# Canon Factory 6D Refurb $1599 A Good Deal?



## snerd (Aug 25, 2013)

Is there a better deal I've missed? Canon just emailed me this news, a refurb 6D with one year warranty for $1599!! Man, that is SO tempting!!


----------



## Gavjenks (Aug 25, 2013)

That's a great deal for the body alone, but not that unique when considering kit lens deals as well.

It's not hard to find a new 6D + 24-105L lens (worth $800 resale, even if you were to immediately ditch it) for $2400 or so, which means the body is worth at most $1600 in the kit,or *less *if you want to keep that 24-105 lens (worth more than $800 new)


----------



## wyogirl (Aug 25, 2013)

good point there.... hmmm.


----------



## snerd (Aug 25, 2013)

Yeah, but I have 4 lenses already, so I wouldn't miss the kit lens I don't think. But I do see your point.

ETA: 

I will not buy this 6D. I will hold out for a new 5D3 by saving my money!
I will not buy this 6D. I will hold out for a new 5D3 by saving my money!
I will not buy this 6D. I will hold out for a new 5D3 by saving my money!
I will not buy this 6D. I will hold out for a new 5D3 by saving my money!
I will not buy this 6D. I will hold out for a new 5D3 by saving my money!
I will not buy this 6D. I will hold out for a new 5D3 by saving my money!
I will not buy this 6D. I will hold out for a new 5D3 by saving my money!
I will not buy this 6D. I will hold out for a new 5D3 by saving my money!

Oh the humanity!!


----------



## Bulb (Aug 25, 2013)

B&H has the 6D for $2200 after rebate. Selling the lens for $800 means you're paying only $1400 for the body.

I won't hold it against you for waiting for the 5D3, but I know that I'm going to jump on the 6D as soon as possible.


----------



## JohnTrav (Aug 25, 2013)

That's doest seem like a bad deal. I am almost tempted to buy one. Like you OP though I am holding out for a 5Diii


----------



## Derrel (Aug 25, 2013)

D-SLR sales are in a terrible, slump, world-wide. Inventory is accumulating, and world-wide sales of d-slr cameras are not meeting industry forecasts. Canon and Nikon are both dropping in sales volumes, and dealers are starting to feel the strain of sitting on large, unsold inventories for which there appears to be very little demand.

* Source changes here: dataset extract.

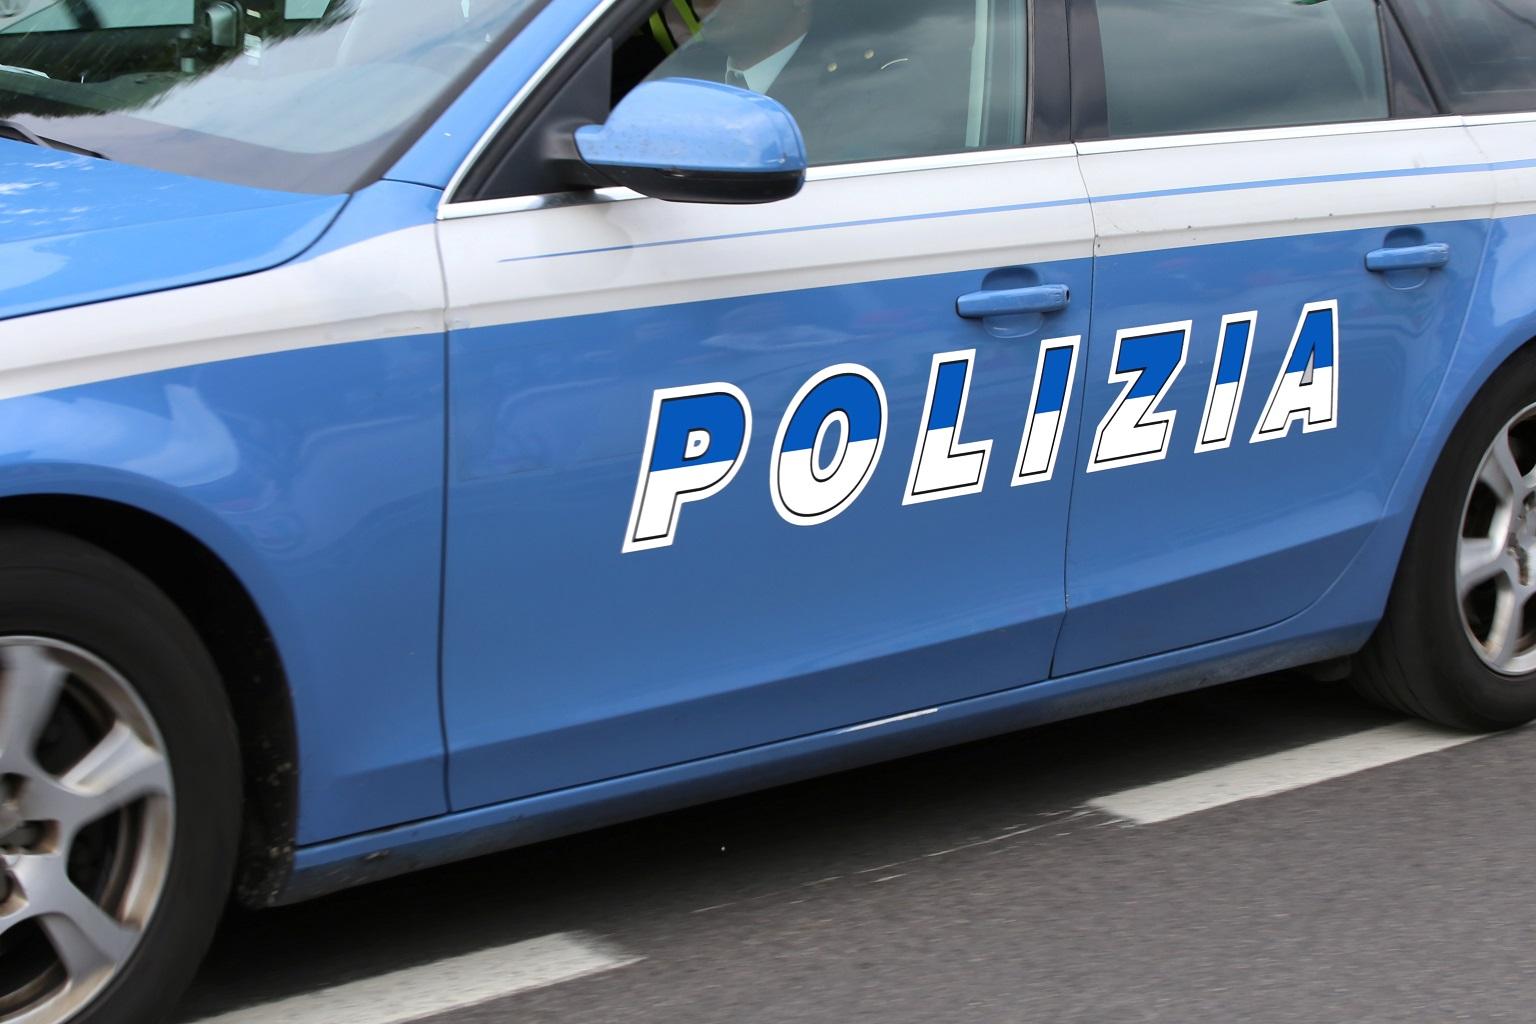 asti-scuola-armato-punire-arrestato-16enne
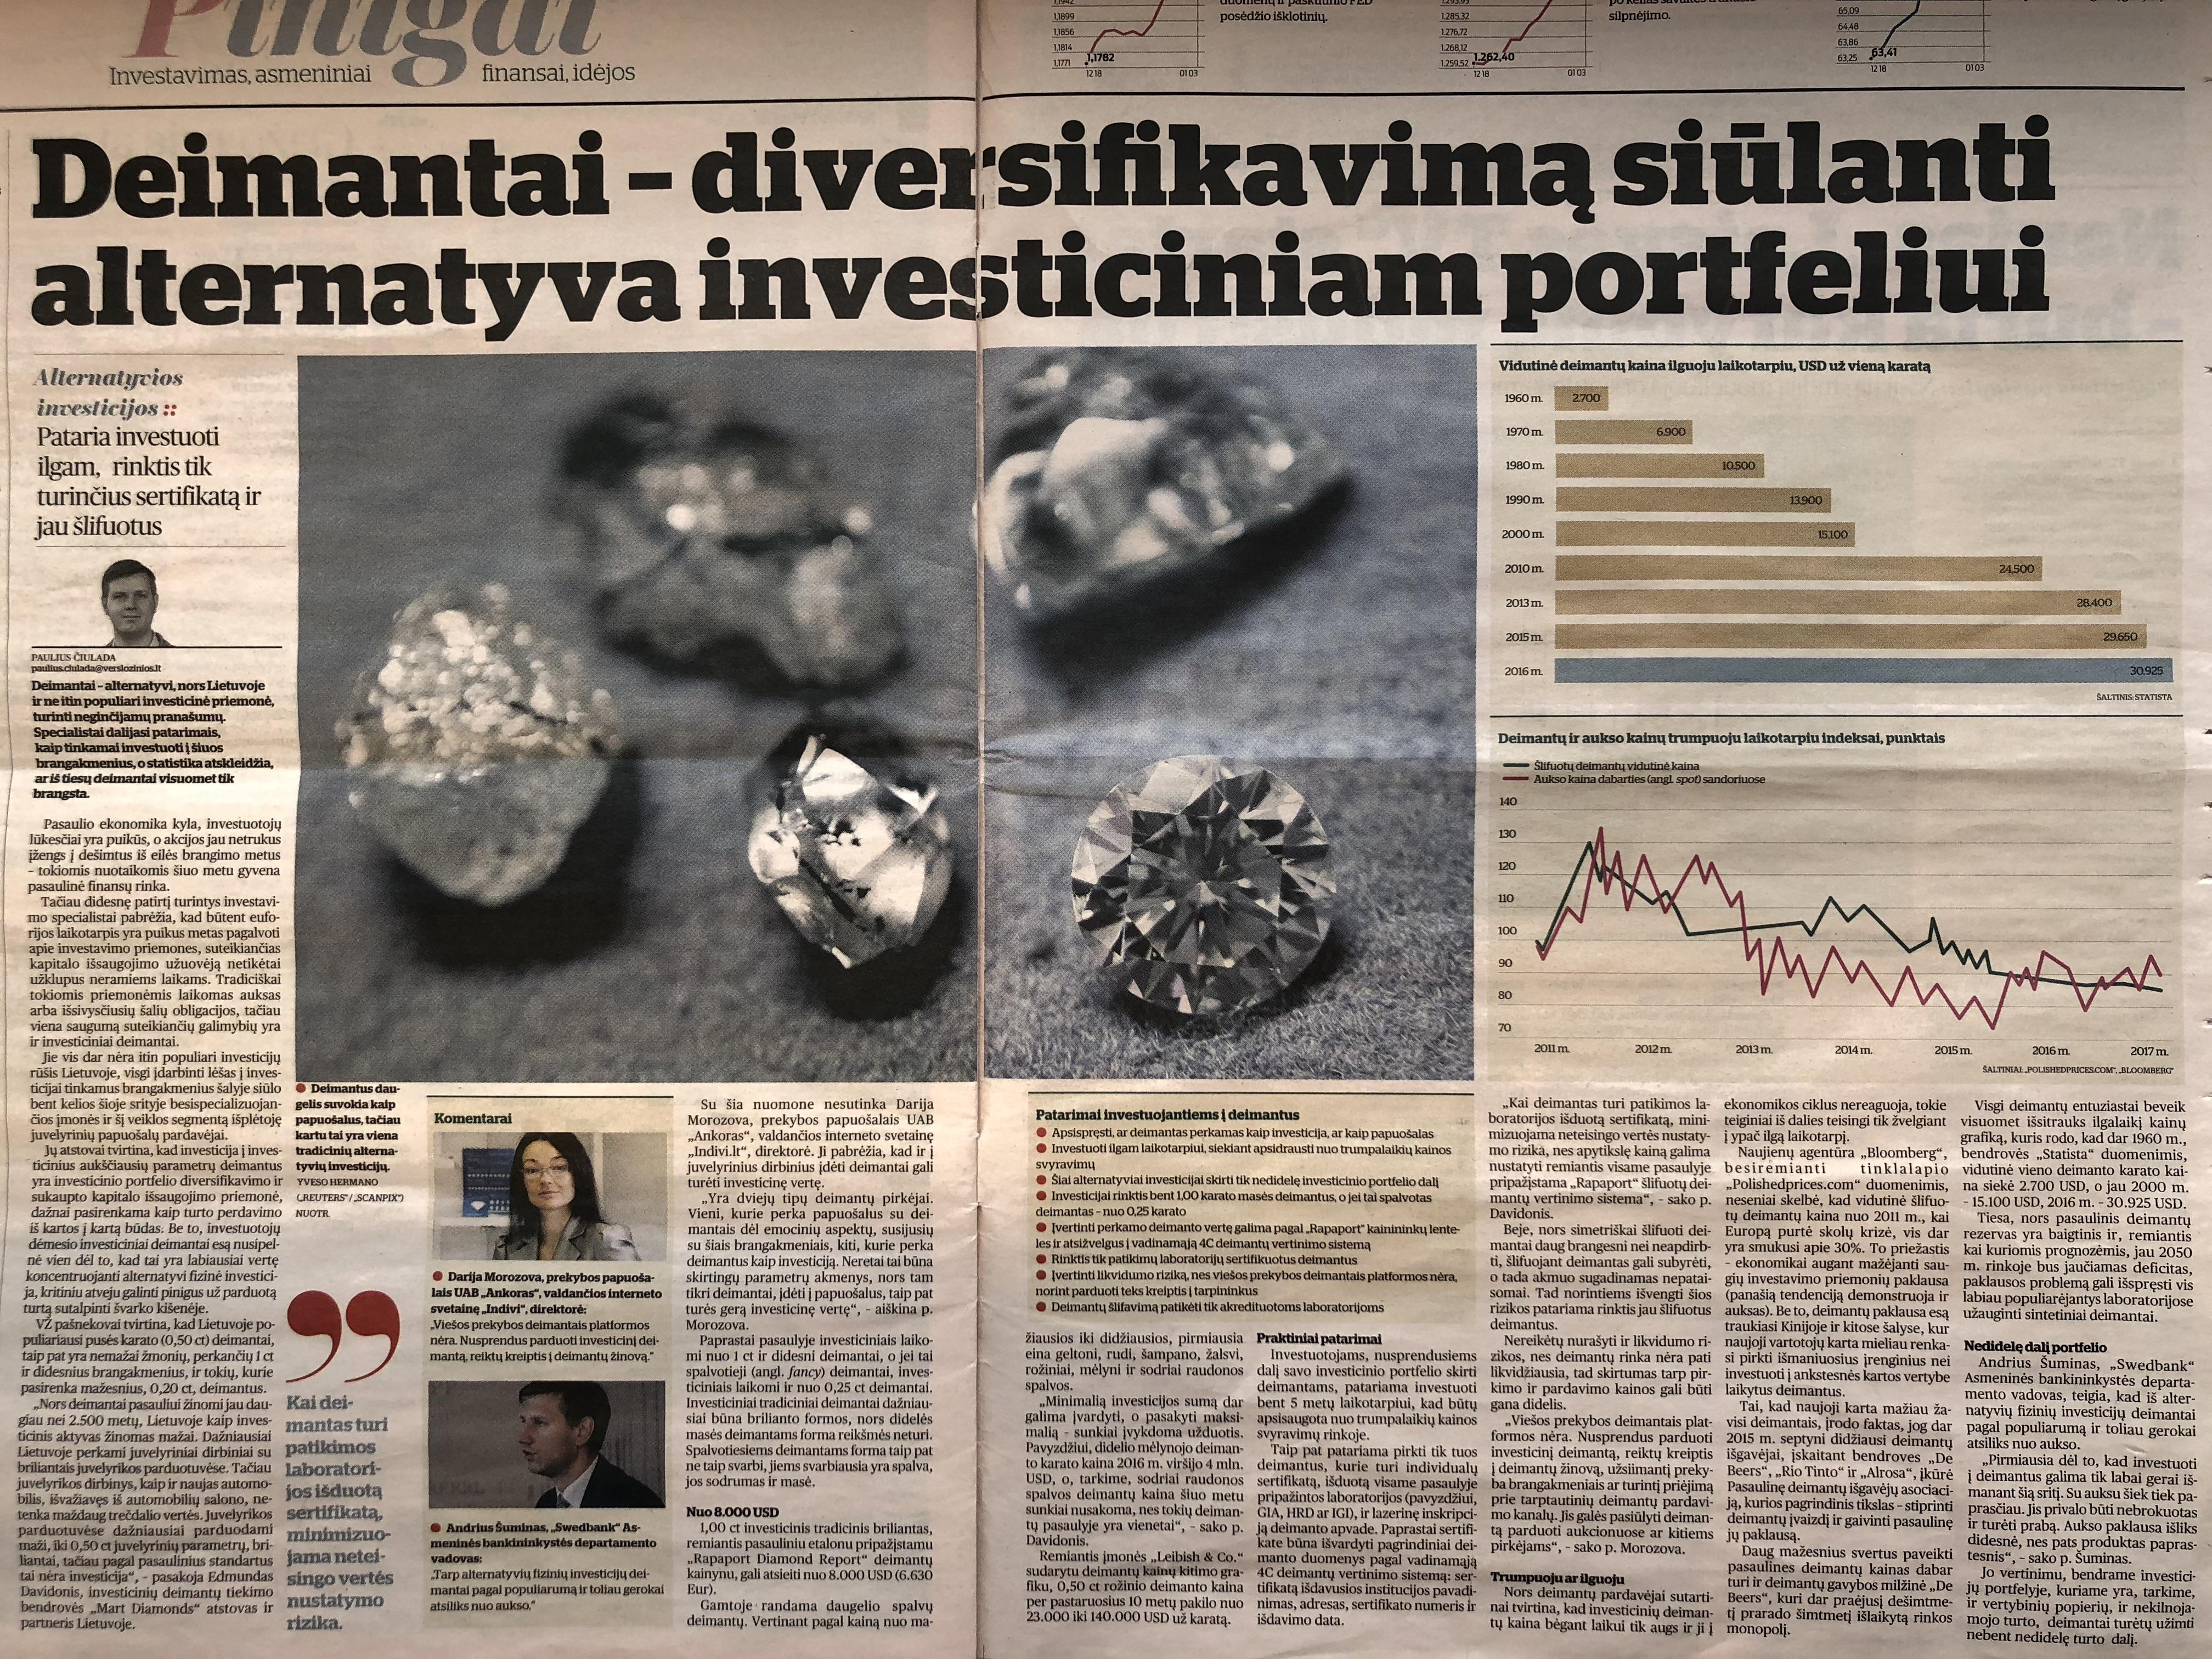 Deimantai kaip investicija

The Interchangeable Lens Camera Droop | byThom | Thom Hogan

Most industry watchers have been predicting DISCOUNTING and sales promotions to help try to stimulate demand. Various techniques, like pairing a body with a nice lens for a great price, price rebates; camera/lens/printer bundles, and so on are becoming the norm.

The reason I mention  this is so you do not think you need to jump on any offers right away; dealers are reaching OUT to customers because they, the dealers, are sitting on piles of unsold inventory. It is currently a BUYER'S market! Keep that in mind! Also, if you're holding out for a 5D Mark III, keep in mind: Canon's history on the 5D series has been a HIGH intro price to cream off the most dollars; then after early adopters have bought, the very first REBATE (not a price-lowering, 'cause that hurts dealers); then a price drop; then a rebate, and so on, until the end of life for the model.

Canon has not yet done its first 5D Mark III rebate, that I am aware of, let alone dropped the introductory retail price to a permanent (well "stable" might be a better word) level.

If you have you heart set on X model...keep in mind,it will be on the market for a while.


----------